▶ Supplied data:
○ ○ ○

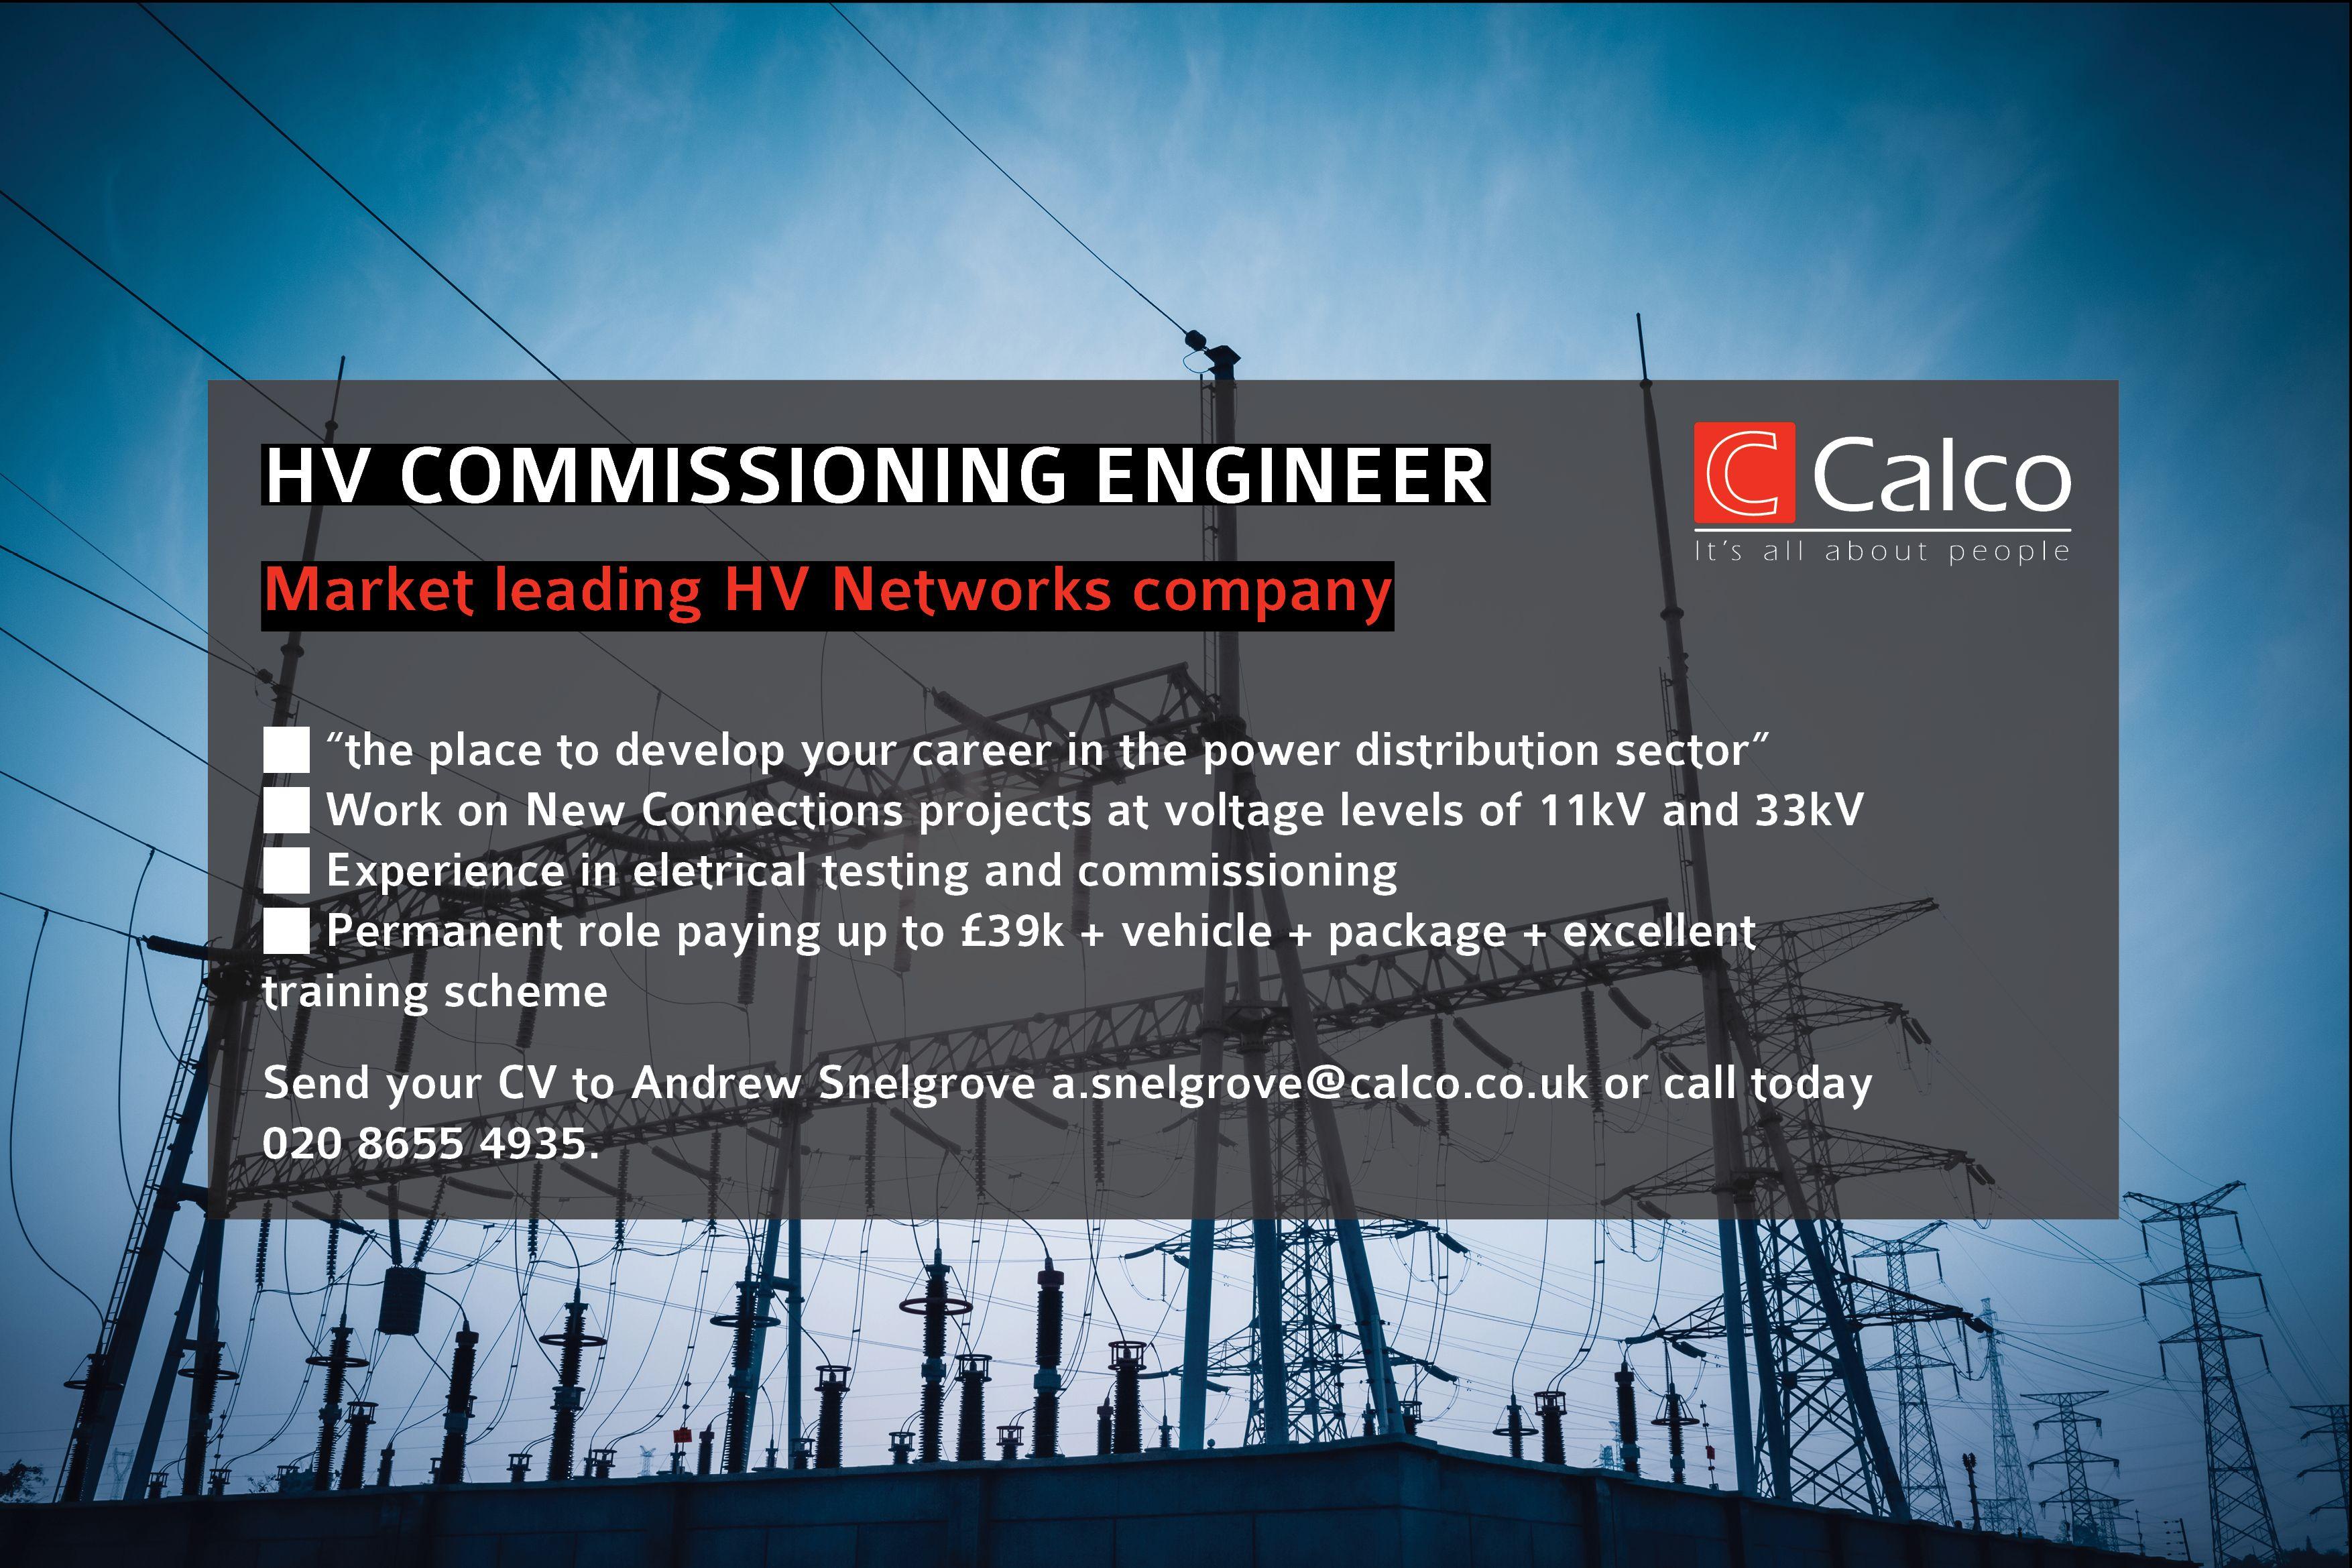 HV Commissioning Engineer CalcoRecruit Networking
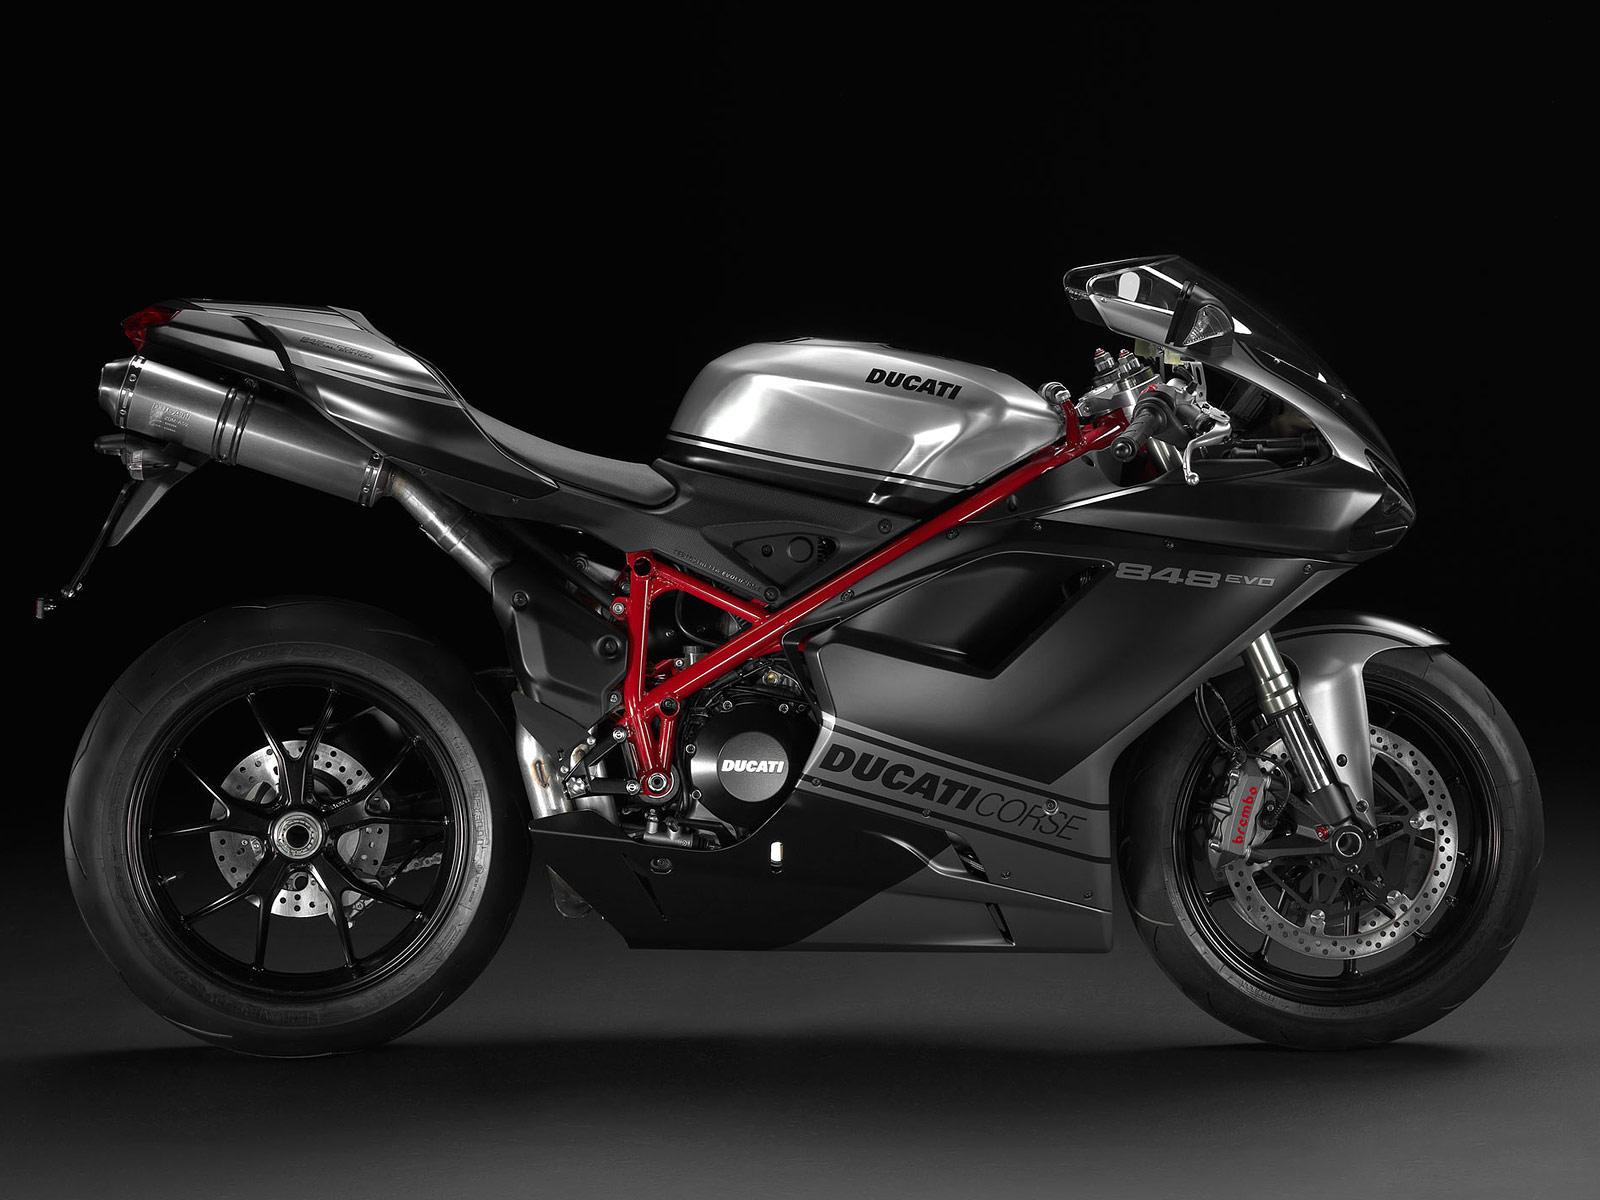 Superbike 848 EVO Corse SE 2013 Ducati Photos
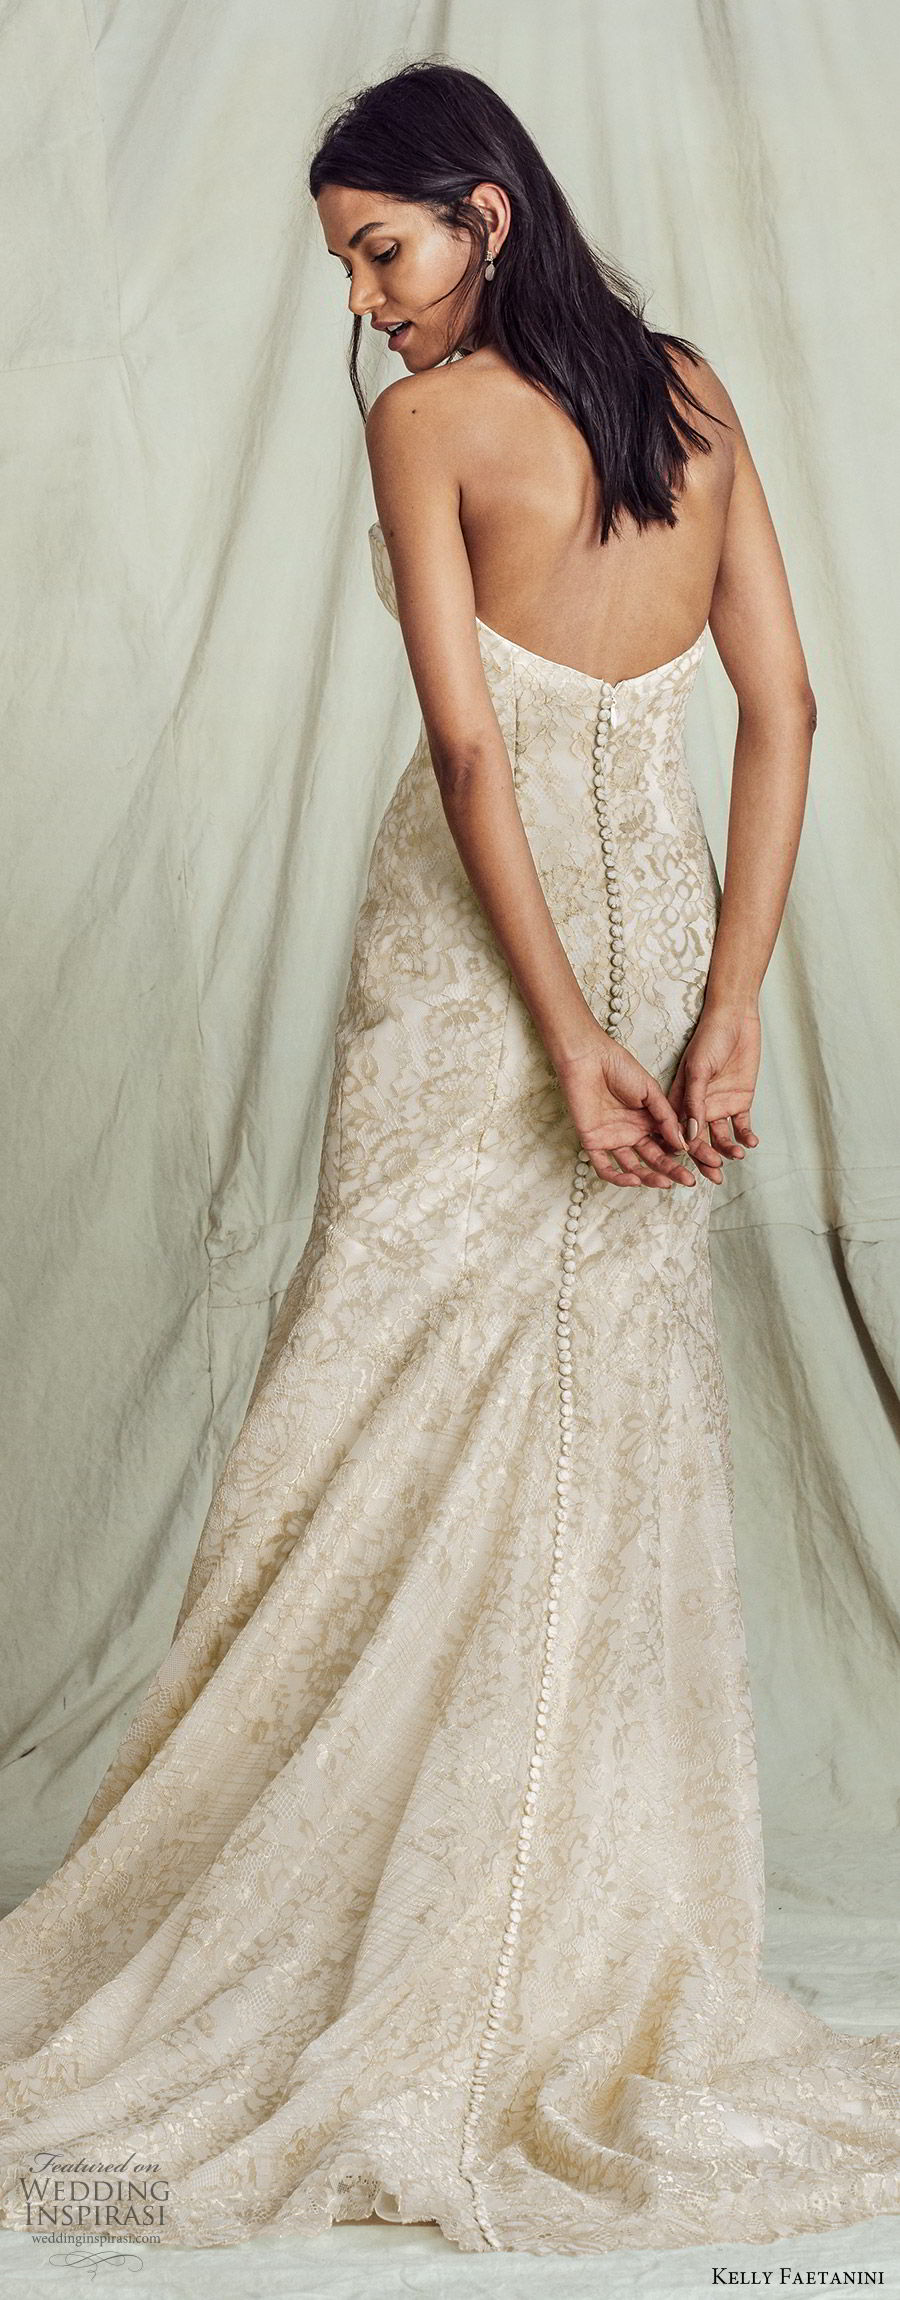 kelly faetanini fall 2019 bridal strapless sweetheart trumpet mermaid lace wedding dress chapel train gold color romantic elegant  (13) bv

○ ○ ○

▶ Exercise requirements:
Repeat the data exactly, without the pictures.

▶ Task output:
 HV Commissioning Engineer CalcoRecruit Networking
 Superbike 848 EVO Corse SE 2013 Ducati Photos
 kelly faetanini fall 2019 bridal strapless sweetheart trumpet mermaid lace wedding dress chapel train gold color romantic elegant  (13) bv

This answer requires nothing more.